The second of my vulnerability scares was of moving back home after university. I hated the idea of knowing that I would have to go back in the closet to some extent. Living in an environment where I could be open and free to be who I am to then going back to the place of where I tried so desperately to escape from in the first place proved to be more draining than I felt comfortable in letting on. The shame in this I felt was because every time someone would praise the work I do or who I am, inside, I felt like a cheat because even now I still struggle in being open with who I am. I understand the great importance and need of being a visible person who is Black, queer, religious and a woman because having someone that looks like you or has similar beliefs is a massive lifeline when you feel so lost and alone in the journey of self-discovery. That visibility saves lives. That visibility is often incredibly hard and draining to fill for many people especially if they face multiple levels of discrimination. Hopefully, one day, I will get there fully and not even to satisfy my own desire of belonging but rather to be that light for someone at the end of the dark tunnel of self-discovery. To let them know, that they are not alone and that there is always hope and indeed light and warmth waiting for them.

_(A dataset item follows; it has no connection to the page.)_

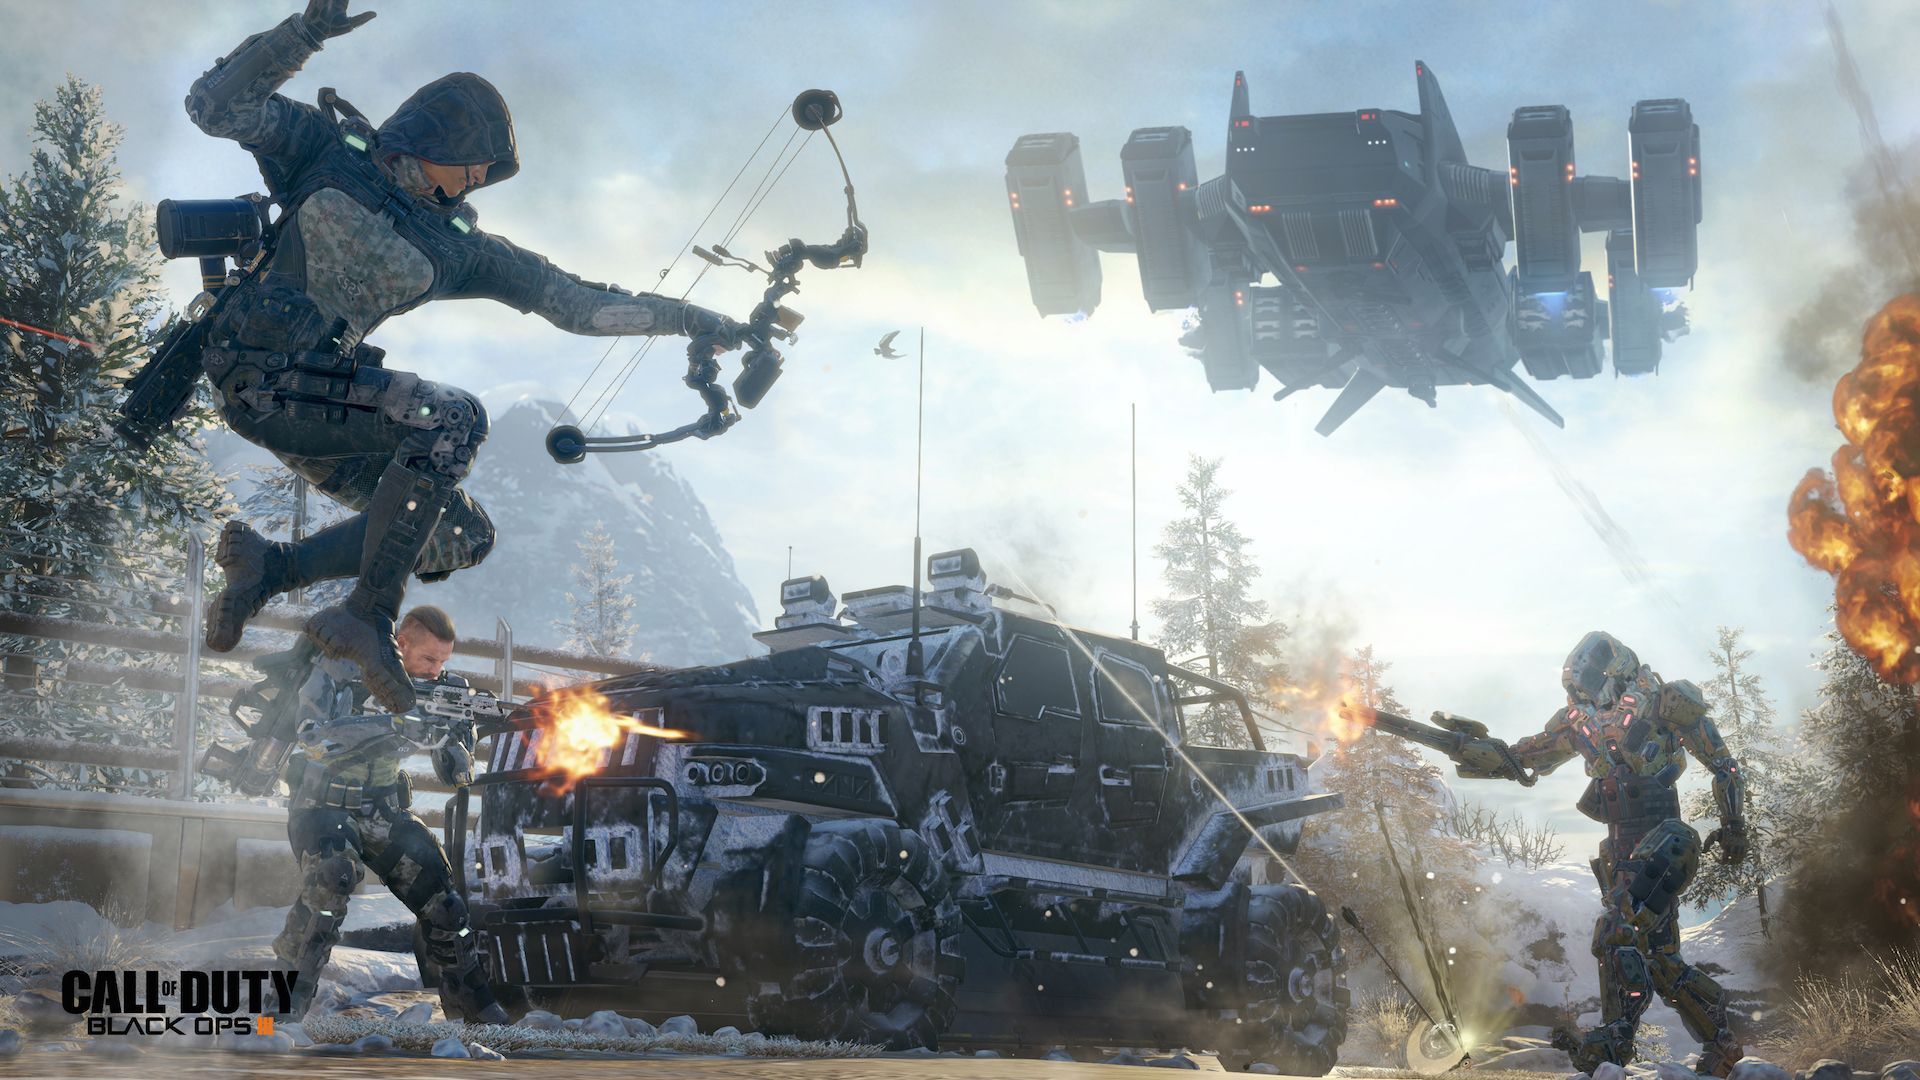 Black Ops 3 guide: 7 tips for mastering Call of Duty's multiplayer

In reality though, the move wasn’t all that bad and actually I am putting to use my years at university especially in conflict and difficult situation resolution. I am increasingly understanding the importance of dealing with different situations in the most diplomatic and most sustainable way rather than going in all-guns-blazing as I often do.

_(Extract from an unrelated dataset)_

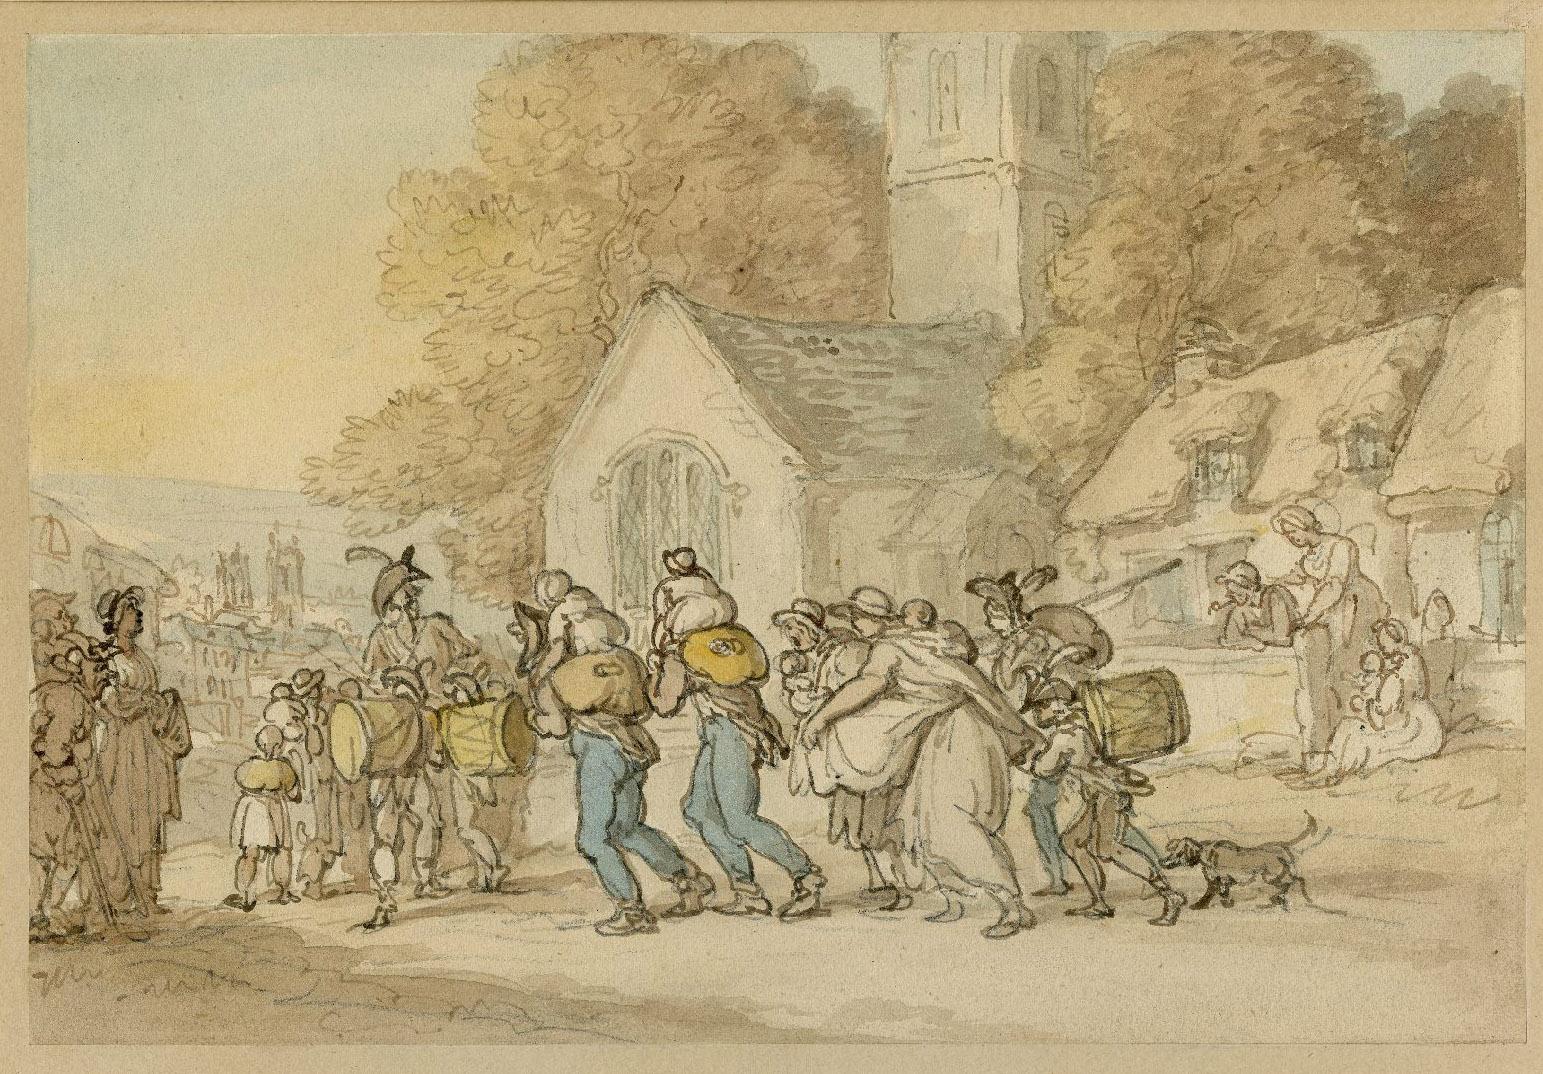 Recruits on a March - Art by Thomas Rowlandson

In both instances I felt vulnerable and shame too. I felt vulnerable in telling someone how I really felt and I had shame in the fact that as a queer Black feminist Muslim I still, even now, find it difficult to be who I am in my culture and religion even though I have reconciled them. The biggest comfort when talking about vulnerability and shame was when my friend replied ‘me too’. Brené is right… Knowing that other people are going through a similar situation is incredibly comforting because when they listen and offer you advice you know they are truly able to understand and empathise with how you feel. The vulnerability that I felt when talking to my friend about these two issues was difficult to say the least but I knew that it was important to carry on even through the sweating (attractive, I know (!)), the shaking and feeling of exposure when talking about things close to my heart, my deepest fears, regret, guilt and shame.
Before I forget, here are the links to the talks:
‘The Power of Vulnerability’: http://www.ted.com/talks/lang/en/brene_brown_on_vulnerability.html
‘Listening to Shame’: http://www.ted.com/talks/lang/en/brene_brown_listening_to_shame.html
So after some (much, here’s the shame again…) crying, pausing and distraction I have finally finished this entry on vulnerability and shame. I hope and pray that you find comfort and indeed solace in realising that vulnerability and shame are natural and indeed imperative in being able to grow as individuals. Vulnerability and shame may be somewhat scary but they shouldn’t be stigmatised and deemed as negative emotions to hide away from. I hope that I, or rather Brené Brown has given you some food for thought. Whilst you ponder over those thoughts I shall be recovering from my ‘vulnerability hangover’.